赫连彧本来纷乱的心思立时清明了不少,再不清醒过来,怕是就要被萧静辰套话套了个干净了。
“无论是漠北还是大梁,自古皇子之争不都是如此吗?”赫连彧回过神来加固自己的阵地道。
萧静辰静静的打量了赫连彧一番,露出了平时难见到的微笑道:“三王子说的没错,但我想我应该不是三王子的对立面吧,咱们之间联手要比离心对你更有助力不是吗?”
萧静辰把话说的很明白,她是来和亲的,但不想做个傀儡,让人供着养着,更何况看眼下形式,就算她想躲清闲,有人也不会给她这个机会。
这是和亲后赫连彧与萧静辰头一次面对面的沟通,面对如此冷静的萧静辰,赫连彧片刻间甚至有些恍惚,不知道的还以为他是被送去和亲的那一位呢。
不是说出嫁随夫的,怎么主动权一次次的被夺走。
饶是赫连彧对大梁和漠北都很熟悉,都找不出一种恰当的形容来诠释萧静辰。
萧静辰的身上没有大梁女子那般的温婉羞涩,也没有草原上的女子那样的热烈奔放,这一路上来一直都是淡淡的,甚至不刻意的去想都会忽略她的存在,结果乍一接触才发现萧静辰周围全是刺,之前只是没竖起来而已。
赫连彧沉思了片刻,抬眸认真道:“公主说的是,到了漠北之后还请公主莫要拖我后腿。”
萧静辰心中松动了几分,不管怎么样,目的她达到了,尽管没有什么契约绑定,但有了赫连彧这句话,她便能多获得一些活下去的筹码。
“一直以来我都是在努力的学着怎么去活,还未主动求过死,这个三王子你放心。”萧静辰说完话后抚上了发髻中的簪子,拔下来后放在了桌上推到赫连彧身前当做结盟的信物。
赫连彧看了一眼不作声只是自腰间将一把银匕首拿了出来,同样的推至萧静辰身前。
两个人对视一番后,默契的收下了对方的东西。
赫连彧才开口道:“我的情况比较特殊,我母妃是大梁人,所以草原上拥护我的人甚少,大王子蒙克的母族是草原上赫赫有名的贵族,无论是财力还是人力都十分雄厚,不出意外的话应该会顺利继承狼王的位置,二王子哈斯的地位仅次于蒙克,但因为他母妃的地位比不得王后,所以他能继承王位的胜算比蒙克要少几分。”

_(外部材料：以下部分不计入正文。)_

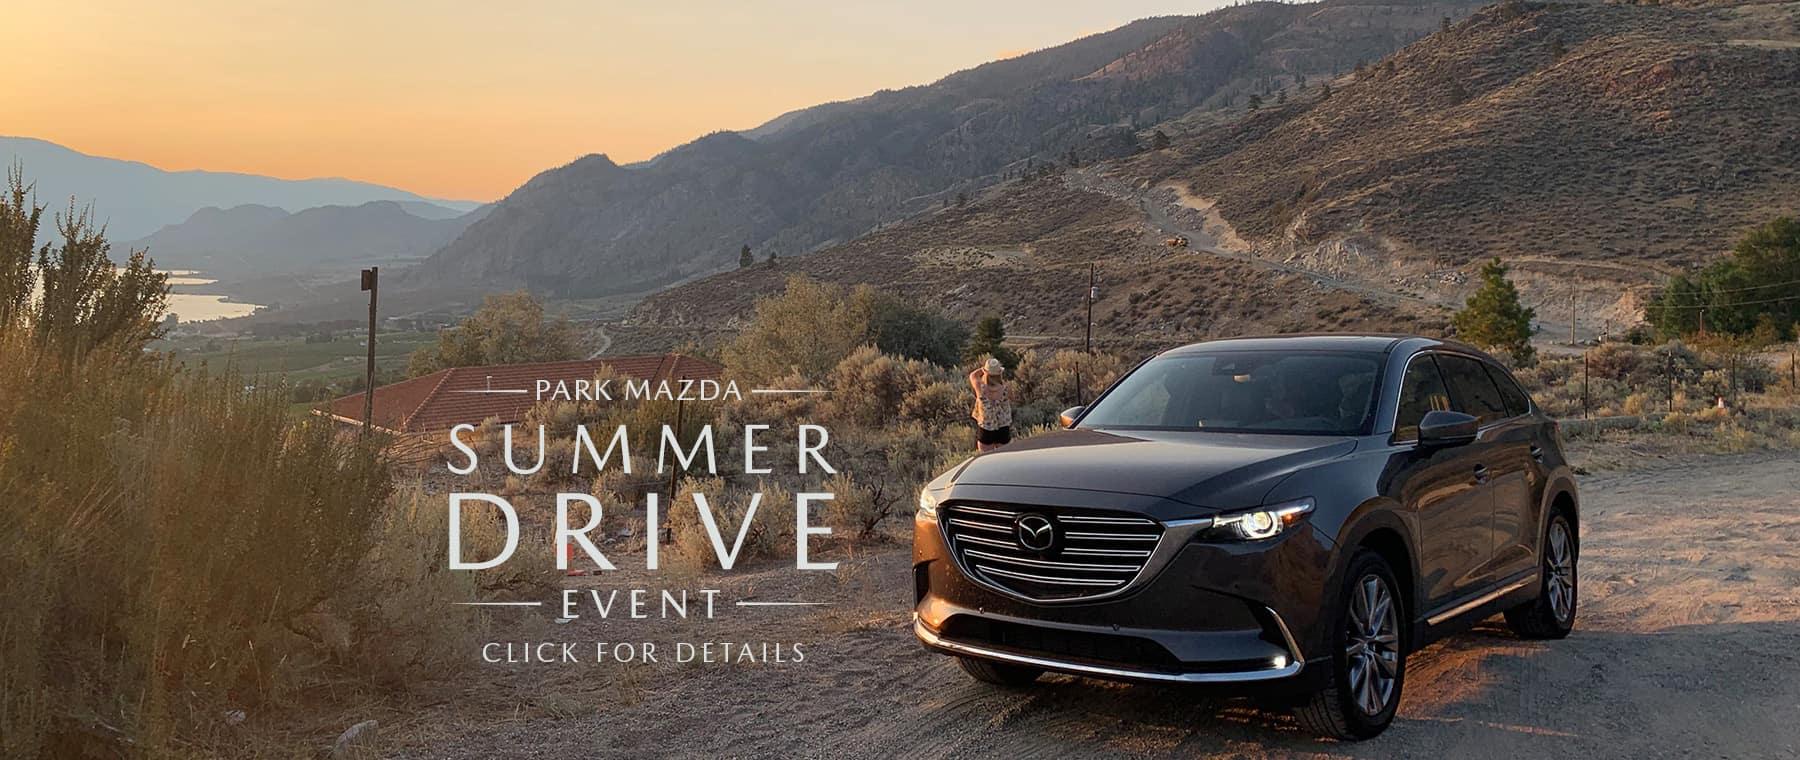 SUMMER_DRIVE_EVENT_2021_Desktop_Homepage_1800x760px

“那你呢?你说拥护你的人很少,为什么他们会其警惕于你,冒着风险也要组织这场刺杀。”萧静辰没有被赫连彧表面上的话所迷惑,直指问题的中心。
要是说刚才所谓的同盟赫连彧多少是有些怕麻烦想先稳定一下萧静辰的情绪,但现在听到萧静辰这样问,赫连彧的身形动了动,姿态没有刚才那么随意了。
这位大梁来的公主还是有点东西的。
至少不是个脑子蠢的。
赫连彧继续道:“来大梁之前,有些草原上的部落不太平,是我去处理的,所以也算是得了些助力,在父王的面前获得了注意,不然此番来大梁可能不会有我的位置。”
“所以漠北的王后是想扫清她儿子上位的一切障碍?”萧静辰对于赫连彧的话并没有全然相信,即便她不懂夺嫡的事情,也能反应过来赫连彧要是没几把刷子,怎么会让人如此在意。
在狭小的车厢内,两个人互相的去试探对方的底牌,几番心理缠斗博弈后,却发现谁也没尝到甜头,只是于这看不见的硝烟中琢磨出了些许的不该有的“默契”。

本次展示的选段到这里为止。